Configuration for the processors is as follows:
GetHTTP processor reads the REST endpoint every 5 seconds.
We extract the stations object using SplitJson processor
Finally we use the PutHBaseJson processor we ingest the data to the destination HBase Table created above. Notice that I am trying to randomly assign row identifier so that eventually I get multiple rows versions for the same identifier
The PutHBaseJson processor uses the HBase Client Controller Servicer to connect to HBase using Kerberos credentials.
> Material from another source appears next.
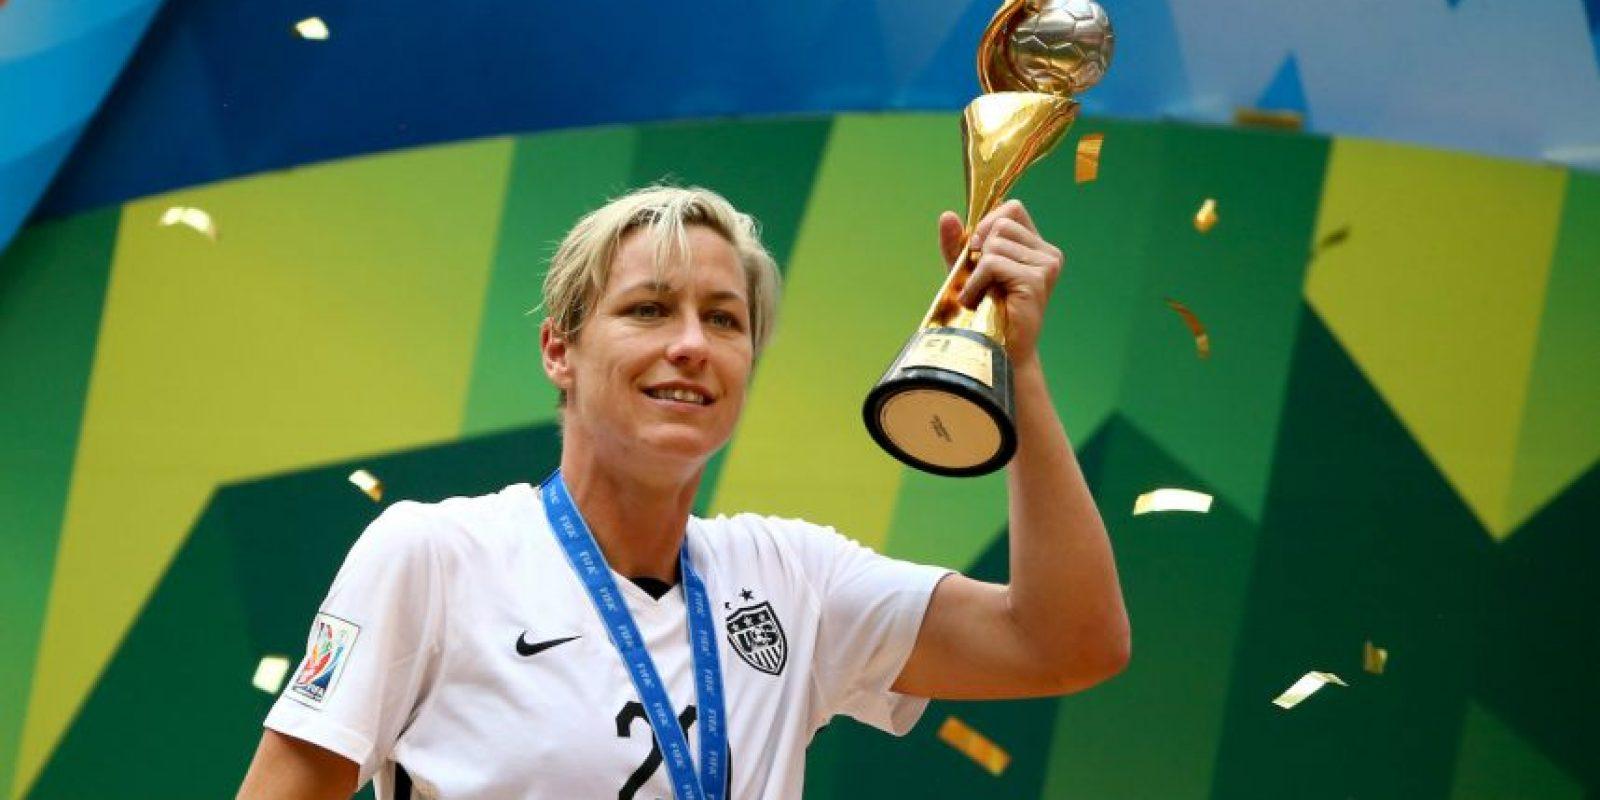 Con 35 años, Abby Wambach es de las futbolistas históricas de la selección femenina de Estados Unidos, a la que pertenece desde 2001. Foto:Getty Images

Step 3: Run queries to read the latest version and all available versions
- I tried querying all versions vs. latest versions in HBase with the following queries
hbase(main):002:0> get 'venkataw:nycstations', 99886 , {COLUMN=> ['nycstationfam:station_id','nycstationfam:name','nycstationfam:short_name','nycstationfam:lat','nycstationfam:lon','nycstationfam:region_id','nycstationfam:capacity','nycstationfam:rental_url']} COLUMN CELL nycstationfam:capacity timestamp=1507322481470, value=31 nycstationfam:lat timestamp=1507322481470, value=40.71286844 nycstationfam:lon timestamp=1507322481470, value=-73.95698119 nycstationfam:name timestamp=1507322481470, value=Grand St & Havemeyer St nycstationfam:region_id timestamp=1507322481470, value=71 nycstationfam:rental_url timestamp=1507322481470, value=http://app.citibikenyc.com/S6Lr/IBV092JufD?station_id=471 nycstationfam:short_name timestamp=1507322481470, value=5267.08 nycstationfam:station_id timestamp=1507322481470, value=471 8 row(s) in 0.0600 seconds get 'venkataw:nycstations', 99828 , {COLUMN=> ['nycstationfam:station_id','nycstationfam:name','nycstationfam:short_name','nycstationfam:lat','nycstationfam:lon','nycstationfam:region_id','nycstationfam:capacity','nycstationfam:rental_url'],VERSIONS => 100} {done for diff. rowids} 24 row(s) in 0.0200 seconds 16 row(s) in 0.0300 seconds 8 row(s) in 0.0310 seconds 232 row(s) in 0.1850 seconds 8 row(s) in 0.0570 seconds 152 row(s) in 0.0380 seconds 184 row(s) in 0.0420 seconds 208 row(s) in 0.1550 seconds 1 row:- 8 row(s) in 0.0050 seconds 8 row(s) in 0.0040 seconds 8 row(s) in 0.0060 seconds all versions:- 14765 row(s) in 2.4350 seconds 14351 row(s) in 1.1620 seconds 14572 row(s) in 2.4210 seconds
In the above results
* The green rows are for the latest version reads
* The yellow rows are all version reads
Notice how latest version reads are fairly consistent and have a smaller response times.
Also notice as the number of versions (rows) increase, the response times for all-version reads keep increasing.
So based on this observation, as expected, it would seem like a query to get the latest version would consistently perform well when compared to a query which returns ‘n’ versions.